This view was soon challenged by many, notably the folklorist Andrew Lang (1844–1912) and the anthropologist Edward B. Tylor (1832–1917).2 Tylor argued that myth should not be interpreted as a misunderstanding, but as a deliberate philosophical attempt to explain and understand the world. Although Tylor admitted that the results of mythological attempts at explanation were patently wrong, still myth cannot be dismissed “as mere error and folly.” Rather, it should be studied “as an interesting product of the human mind” for insight into what Tylor and others saw as “primitive” ways of reasoning.3 Tylor invoked an evolutionary view of human social development from childlike “savages” to “civilized man,” in the course of which some primitive explanations lingered on as “survivals” in certain modern religious customs.4 This approach to myth was linked to what Tylor saw as its role in the origin of religion.
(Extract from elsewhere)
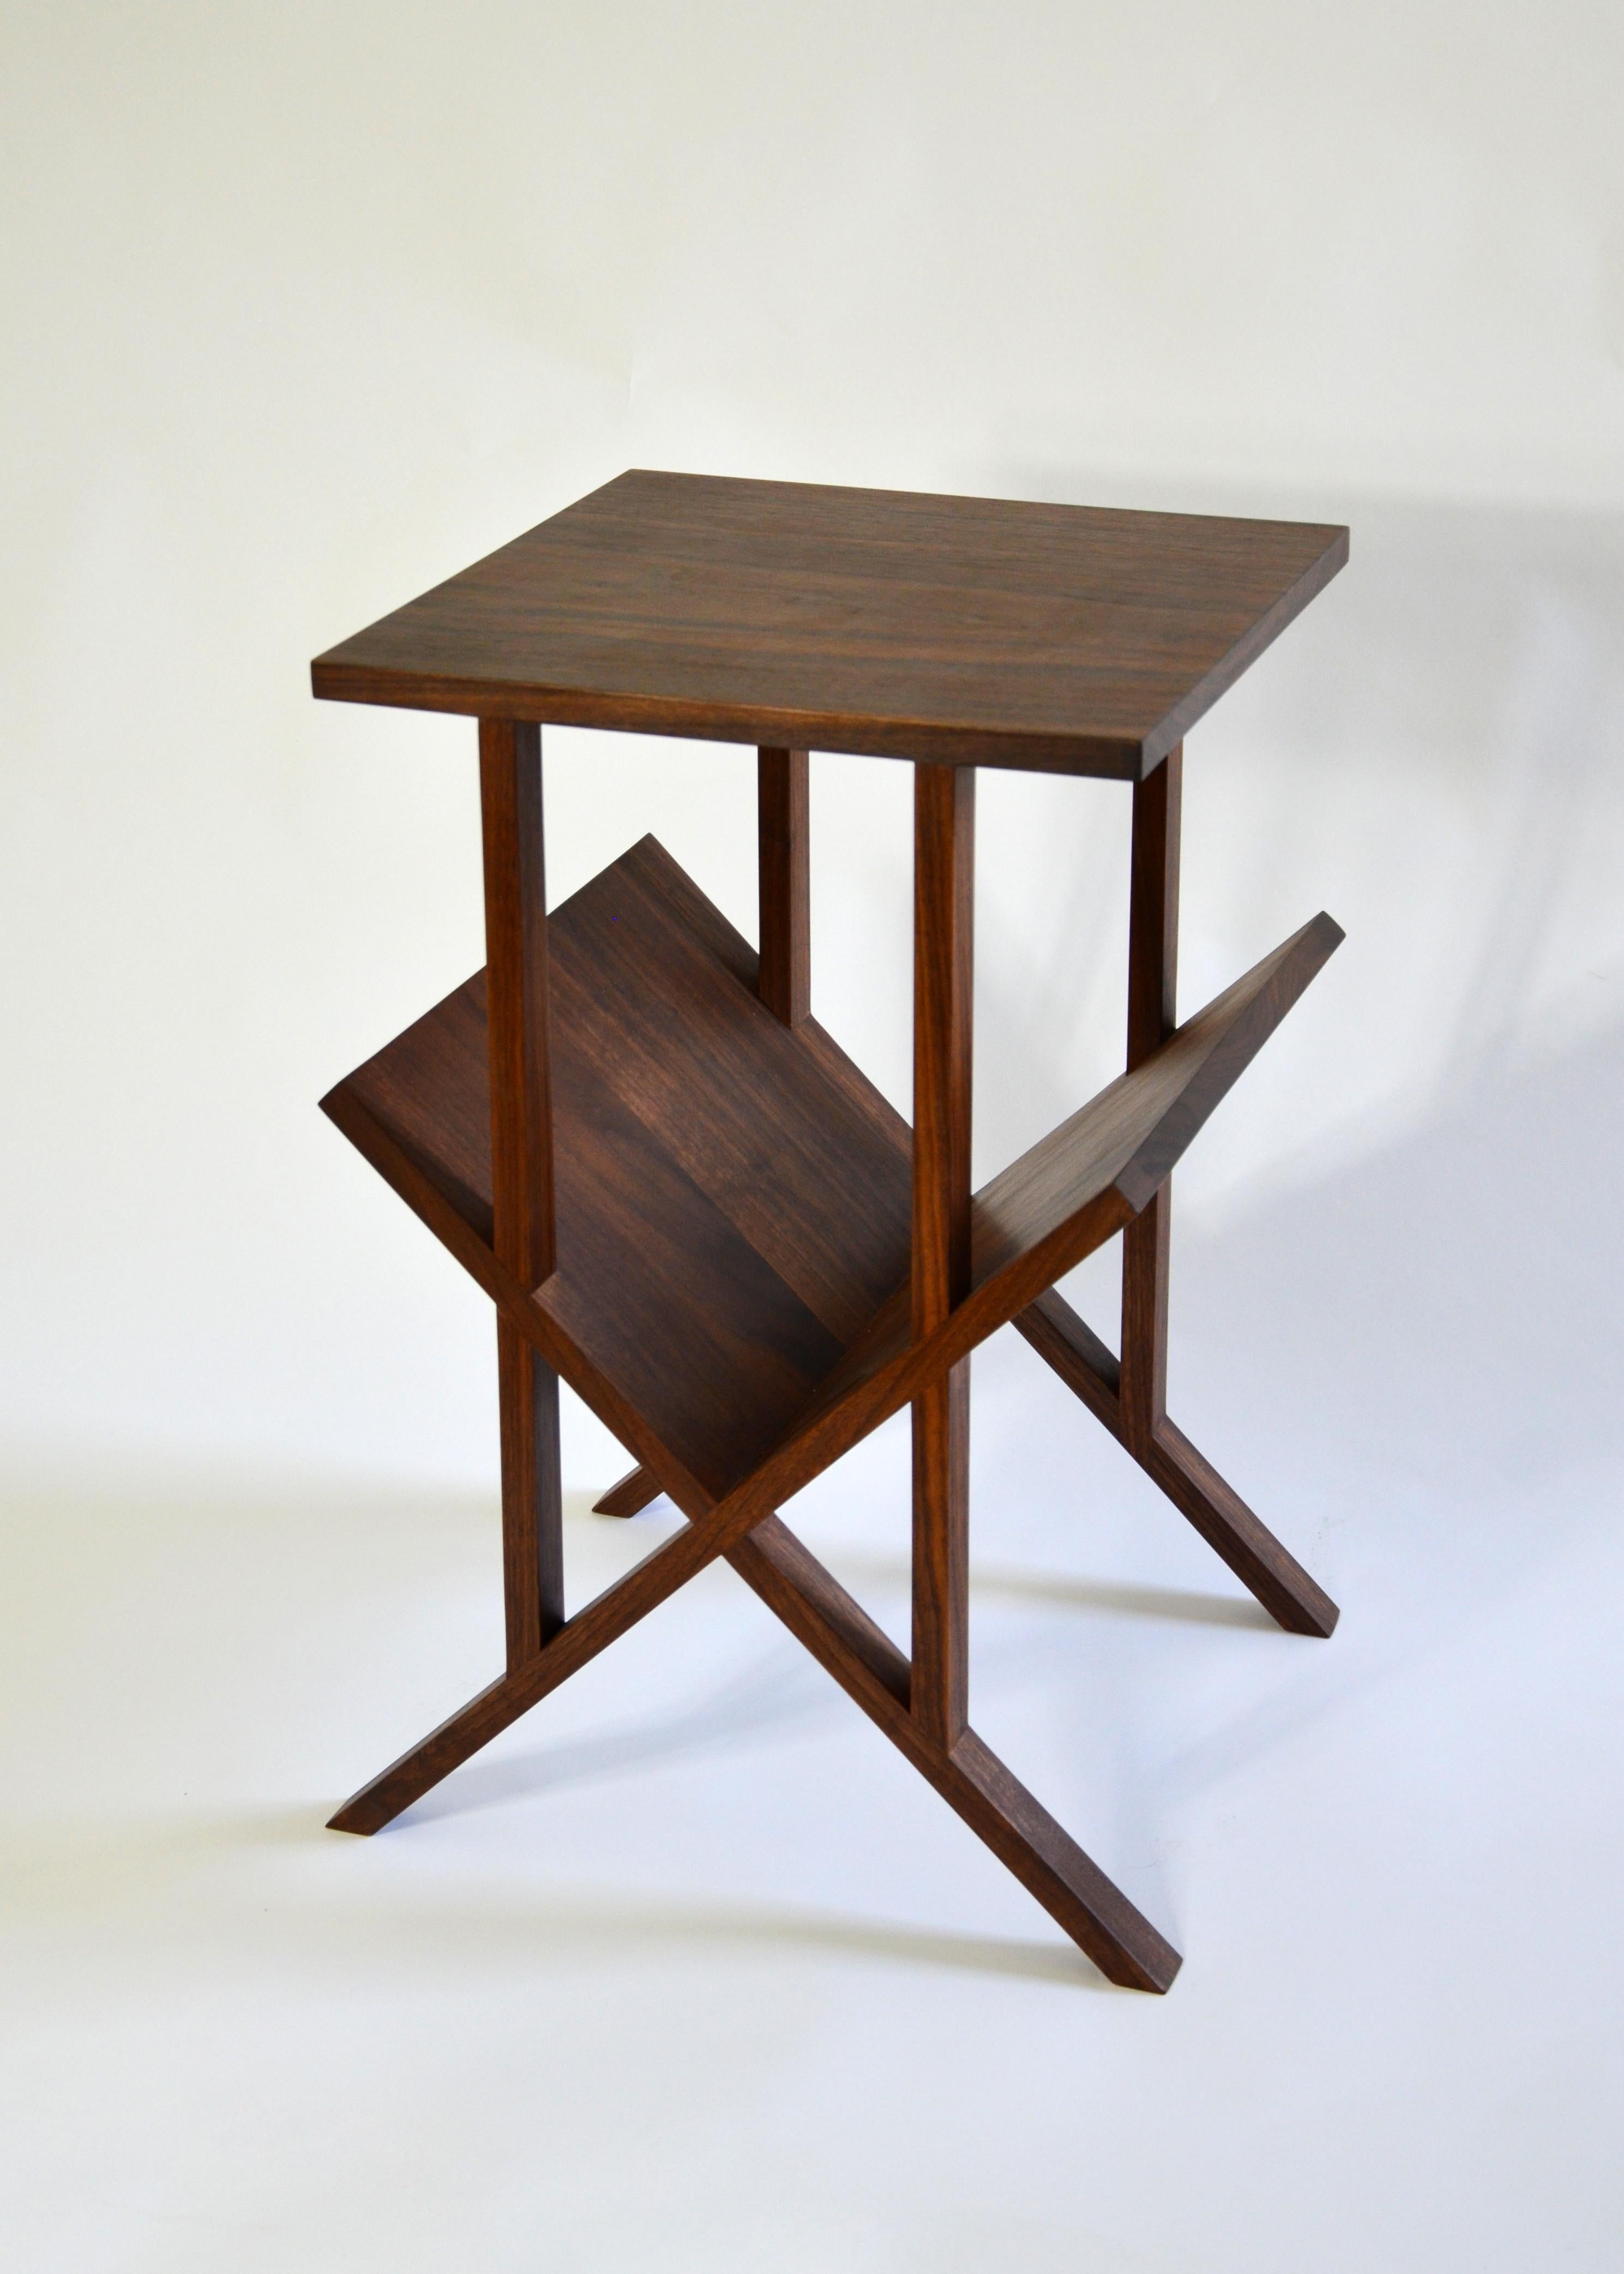 Der minimalistische und raffinierte Lap Table ist ein vielseitiges Stück, das leicht als Beistelltisch, Beistelltisch oder Nachttisch mit einem abgewinkelten Regal für Bücher und Zeitschriften verwendet werden kann. Bei direkter Betrachtung zeigen

Religion, he suggested, originated in the experience of seeing the dead in dreams. “Primitive” people explained these experiences through a theory of souls and spirits, in effect, postulating that part of the deceased continued to live in some way after the corruption of the body. They also came to believe that similar spiritual or animistic forces inhabited nonhuman things like animals and plants. Tylor used the word animism, from the Greek anima (soul), to designate this earliest form of religion.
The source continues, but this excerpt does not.